Science

Motion-Induced Blindness

Posted 13 Jun 2001 at 23:24 UTC by steve Share This

A new article in Nature describes current research into motion-induced blindness. MIB is believed to occur because the right hemisphere of our brain appears to see the world exactly as our raw sensory data shows it. But the left hemisphere tries to suppress sensory information that conflicts with our internal model of how the world should appear. The Nature article includes a simple animation, called Bonneh's Illusion, that demonstrates the effect. A more detailed discussion and further examples of the phenomenon can be found on Yoram Bonneh's MIB page and Jack Pettigrew's web page. A better understanding of MIB and right-left brain interactions could have applications to binocular or stereoscopic vision systems in robots.


useful to *binocular* vision?, posted 14 Jun 2001 at 19:03 UTC by Maxim » (Apprentice)

I don't see why interactions between raw and interpreted sensor data or MIB are more related to binocular vision systems rather than to monocular ones.
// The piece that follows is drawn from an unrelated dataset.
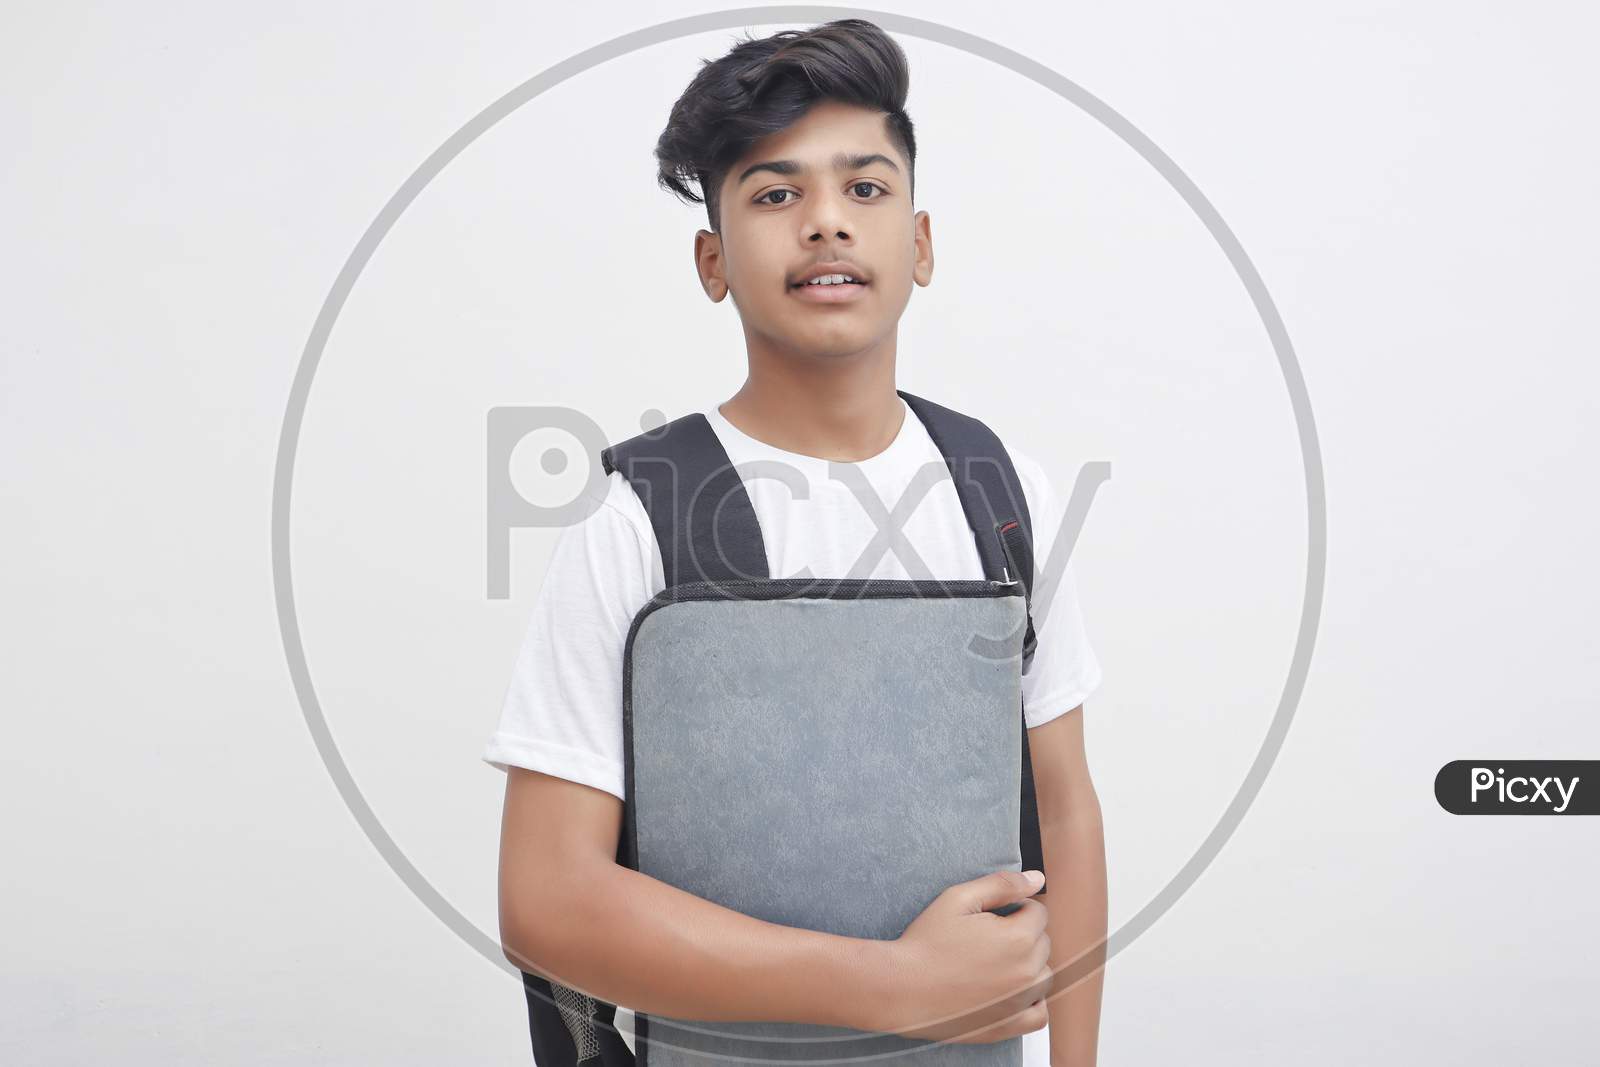 Young Indian Student Holding File In Hand.

The MIB is observed even with a single eye, I bet.

Good point, posted 14 Jun 2001 at 21:45 UTC by steve » (Master)

Yep, I just tried looking at the Bonneh's Illusion animation with one eye shut and still experience MIB. Oddly, MID occurs (for me at least) very frequently using only my right eye but almost not at all using only my left eye. I wonder if that's related to a right/left brain thing or just because of differences in my eyes.

monocular MIB, posted 15 Jun 2001 at 00:35 UTC by Maxim » (Apprentice)

Well, although I wasn't able to reproduce this difference of MIB for left and right eye (it turned out to be difficult for me to observe MIB at all), one could speculate about the nature of the disbalance. Since the visual cortex corresponding to the right eye is in the left hemisphere, which is incidentally blamed to be the one responsible for supressing inconsistent data, there could be better chances to supress the signal originated from the left visual cortex before it gets propagated anywhere else.